I had it wrong: my initial assumption was that the current would rise so rapidly - being a superconductor - that the small self inductance of the ring would act as a current limiter. Then I saw George Hniatuk's comment (Nope. No current inside) - and knowing how he knows EM - I realized he was right. (Math and Physics are different - in math you can create the induced electric field magically inside the superconductor, in physics you must justify its presence there. How do you place it in? Surface charge will redistribute in such a way as to prevent it from entering the ring).
But this is not the reason I am telling you this. In the video (I will add a link tomorrow, now I need to sleep), or in the comments, Lewin made a very interesting statement. That to initiate a current in a superconducting ring you need... a resistor. You start your magnetic mumbo jumbo with the resistor inserted - and it's the field in the resistor that makes the electron go - once in the superconducting material they continue 'by inertia', and only after the current is established, you switch to a full superconducting ring.
Pretty crazy, uh?
SiliconWizard:
--- Quote from: EPAIII on June 22, 2022, 11:32:48 am ---OK good old OHM's law tells us that the current is inversely proportional to the resistance.
--- End quote ---
Did you know that Ohm was considered a lunatic (to put it mildly) by his peers back in the days? He got rehabilitated only after a relatively long time.
I wonder how it would have unfolded these days. ::)
tszaboo:
At this point Veritasium just needs to admit that he has no ide what he is talking about and he was using a textbook with flawed physics in it.
All this discussion about current density in a conductor is totally solved formulas, which tell us if there is current inside the conductor or not:
Here is one:
Naej:
--- Quote from: Sredni on June 22, 2022, 07:15:36 pm ---
--- Quote from: rfeecs on June 22, 2022, 06:45:53 pm ---
--- Quote from: Sredni on June 22, 2022, 04:53:29 pm ---I was talking about the surface charge: the excess electrons or lack thereof that - along with the original external field generated by the battery - shape the electric field inside the conductor in such a way that it be directed along the conductor axis and will have a magnitude that satisfies Ohm's law in its local form.
--- End quote ---
So what happens with a superconducting wire? Presumably the surface charges make the field inside the wire zero. So what makes the current go?
--- End quote ---
Ah.
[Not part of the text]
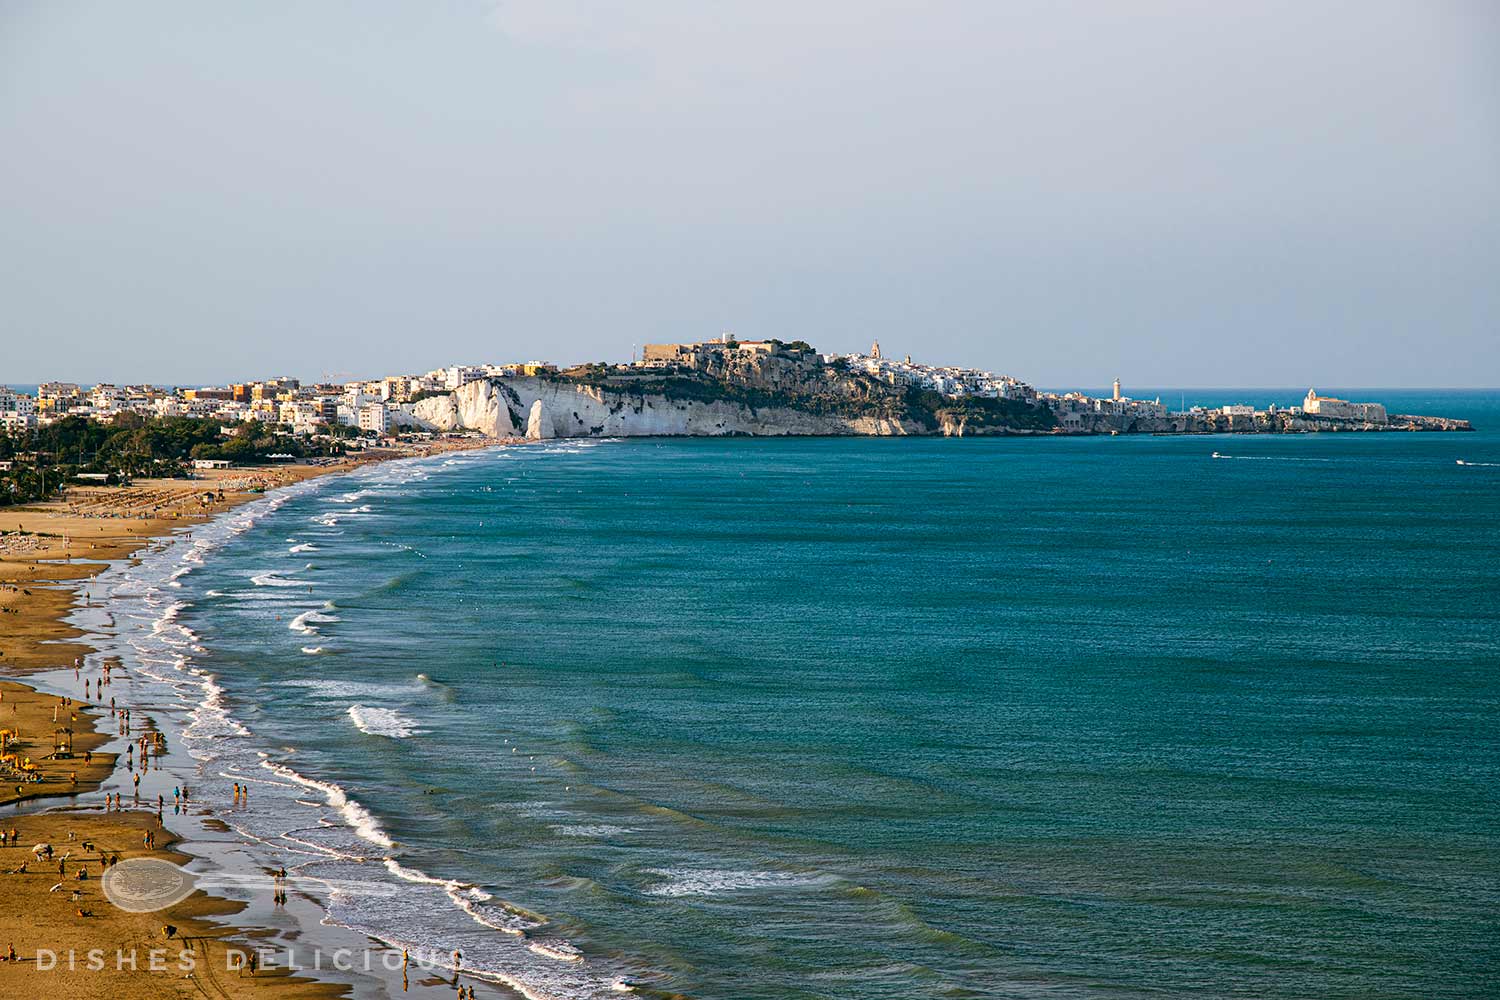 Spiaggia della Scialara mit Vieste im Hintergrund

Superconductors are quantum beasts. (Well, technically even ordinary conduction requires quantum theory to give quantitative agreement).
If we stay in the realm of classical ED, we can consider a perfect conductor as the limit of a resistive conductor for sigma->infinity. You need an infinitesimally small field to make the electrons move. But it can get tricky. Last year (?) Lewin posted a problem with a superconducting ring in a changing magnetic field. Basically what we call Lewin's ring but without resistors. What will happen? Only two people, among all those who were exposed to the problem (and they included several physics professors to which Lewin had emailed the problem) gave the correct solution. One is a professor in a University in Switzerland (IIRC) and the other is George Hniatuk (he has a youtube channel).
The solution is: no current inside the superconducting ring.
I had it wrong: my initial assumption was that the current would rise so rapidly - being a superconductor - that the small self inductance of the ring would act as a current limiter. Then I saw George Hniatuk's comment (Nope. No current inside) - and knowing how he knows EM - I realized he was right. (Math and Physics are different - in math you can create the induced electric field magically inside the superconductor, in physics you must justify its presence there. How do you place it in? Surface charge will redistribute in such a way as to prevent it from entering the ring).
But this is not the reason I am telling you this. In the video (I will add a link tomorrow, now I need to sleep), or in the comments, Lewin made a very interesting statement. That to initiate a current in a superconducting ring you need... a resistor. You start your magnetic mumbo jumbo with the resistor inserted - and it's the field in the resistor that makes the electron go - once in the superconducting material they continue 'by inertia', and only after the current is established, you switch to a full superconducting ring.
Pretty crazy, uh?
--- End quote ---
Lewin did a bit of a mess, and the question is easy to anyone who knows superconductors.
The solution is: there'll be a current inside the superconductor.
No one said "E=0 in a superconductor" for the last 90 years, cf. https://en.wikipedia.org/wiki/London_equations
Of course, there's such a thing called "skin effect" which is a bit more extreme in superconductors, so that the current will be concentrated within a London length, or less than a µm. This is always true (at low magnetic field, type I etc.), whether you put a resistor with the superconductor or not.
So what makes the current go: either you inject electrons from a normal conductor (and you can then close the superconducting loop after if you want), or you bring a magnet close.
Sredni:
--- Quote from: Naej on June 22, 2022, 09:10:57 pm ---So what makes the current go: either you inject electrons from a normal conductor (and you can then close the superconducting loop after if you want),
--- End quote ---
Which is what I wrote above: you need a resistor (the finite conductivity conductor).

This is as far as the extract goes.